Open wounds account for about 50% of military injuries and 10% of non‐fatal traffic injuries. Scar tissue formation in these wounds may be reduced or prevented if treated with a combination of molecules whose release is tuned to the healing phases. The goal of this research was to develop flexible, layered drug delivery films for sequential, localized release of anti‐inflammatory, anti‐oxidant, and anti‐fibrotic molecules to soft tissue.

Films were composed of cellulose acetate phthalate (CAP) and Pluronic F‐127 (Pluronic). To impart flexibility, plasticizers, triethyl citrate (TEC) or tributyl citrate (TBC), were added. Mechanical analysis was performed on films as prepared and following phosphate‐buffered saline incubation to determine property changes after implantation. Tensile tests revealed higher plasticizer content increased film elongation but decreased elastic modulus and ultimate tensile strength. TEC films elongated twice as much as those with TBC. After incubation, properties increased because plasticizer leached from films. Micro computerized tomography and scanning electron microscopy determined how erosion and plasticizer leaching affected the film’s structures before and after incubation. Porosity increased as plasticizer content increased; however, plasticizer content did not significantly affect erosion rates.

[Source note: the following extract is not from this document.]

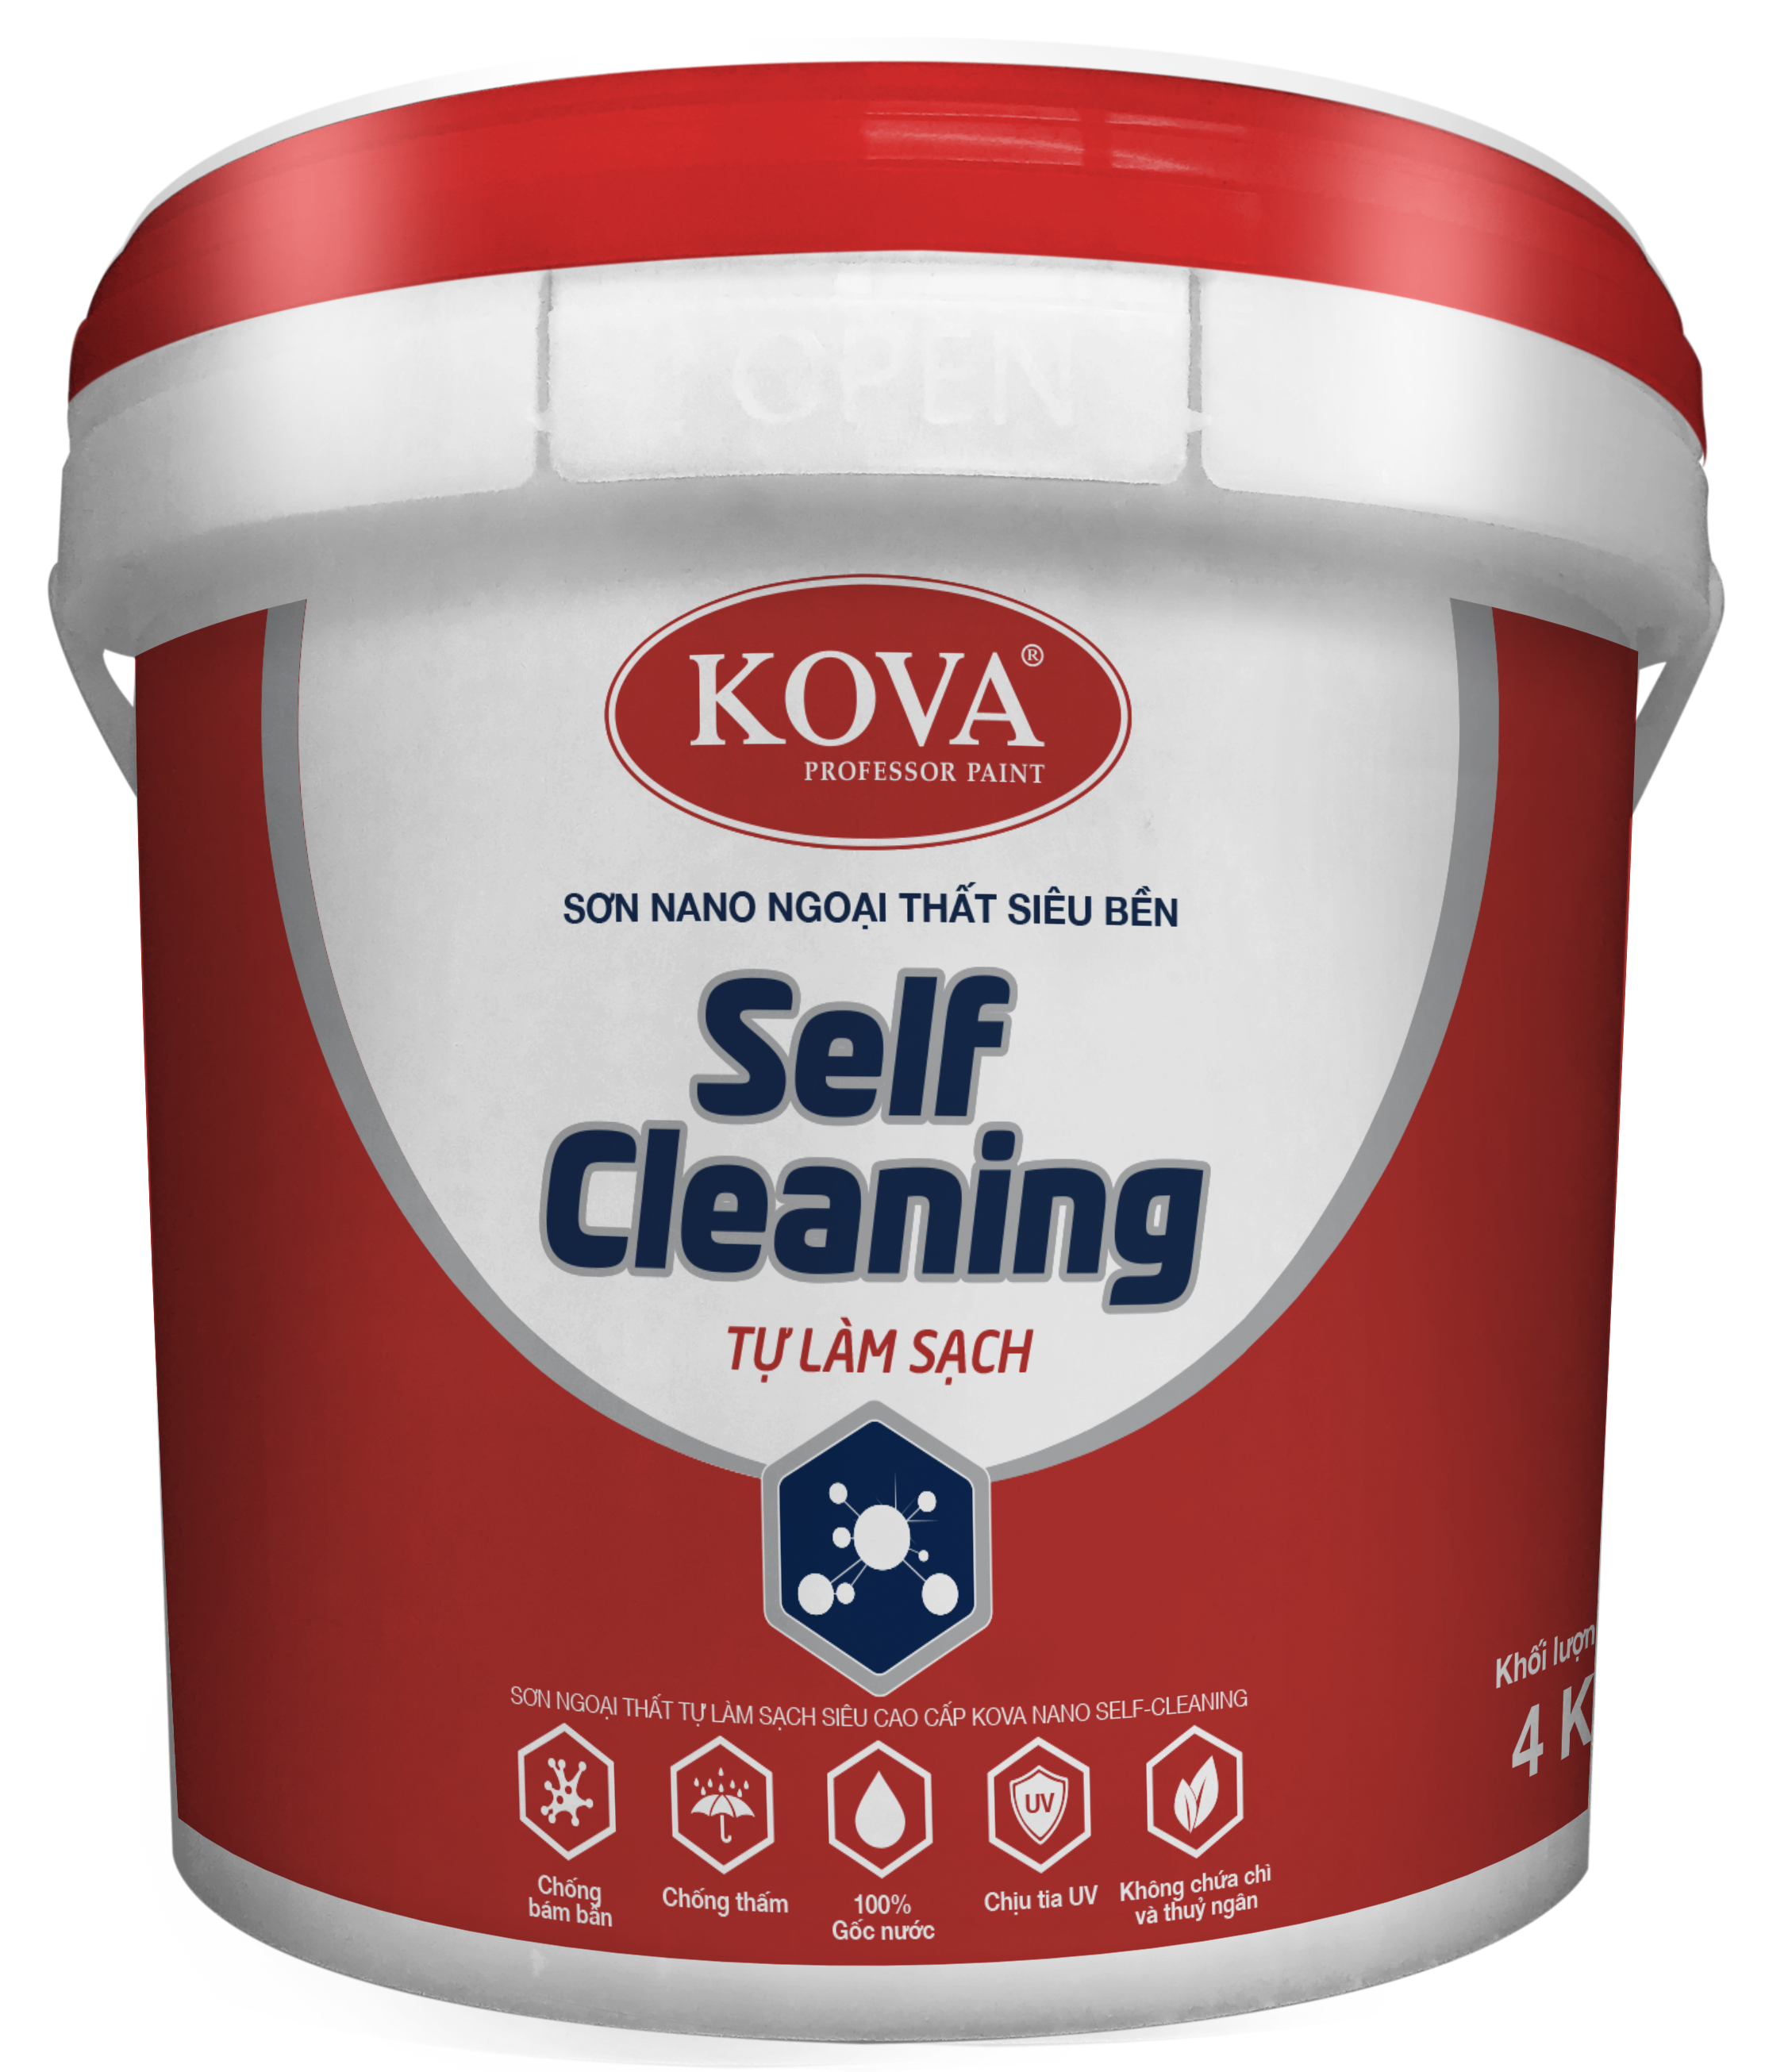 Tập đoàn Sơn KOVA: nước sơn
Tập đoàn Sơn KOVA là một trong những thương hiệu hàng đầu trong ngành sản xuất sơn. Với hơn 50 năm kinh nghiệm, Sơn KOVA cam kết mang đến cho khách hàng những sản phẩm sơn với chất lượng và giá cả vô cùng hấp dẫn.

Next, effects of drugs with plasticizers on film erosion, release, and mechanical properties were investigated. Films were loaded with quercetin, an anti‐oxidant, or pirfenidone, an anti‐fibrotic, and plasticized with TEC or TBC. TEC‐plasticized films containing quercetin released drug at a slower rate than TBC films. Pirfenidone‐loaded films released drug at a faster rate than erosion occurred for both plasticizers. Increased pirfenidone loading resulted in significantly higher modulus and decreased elongation, an anti‐plasticizer effect. Increasing quercetin loading significantly increased elongation. Size, solubility, and structure differences between quercetin and pirfenidone affected drug interaction with the films and the consequent mechanical and release properties.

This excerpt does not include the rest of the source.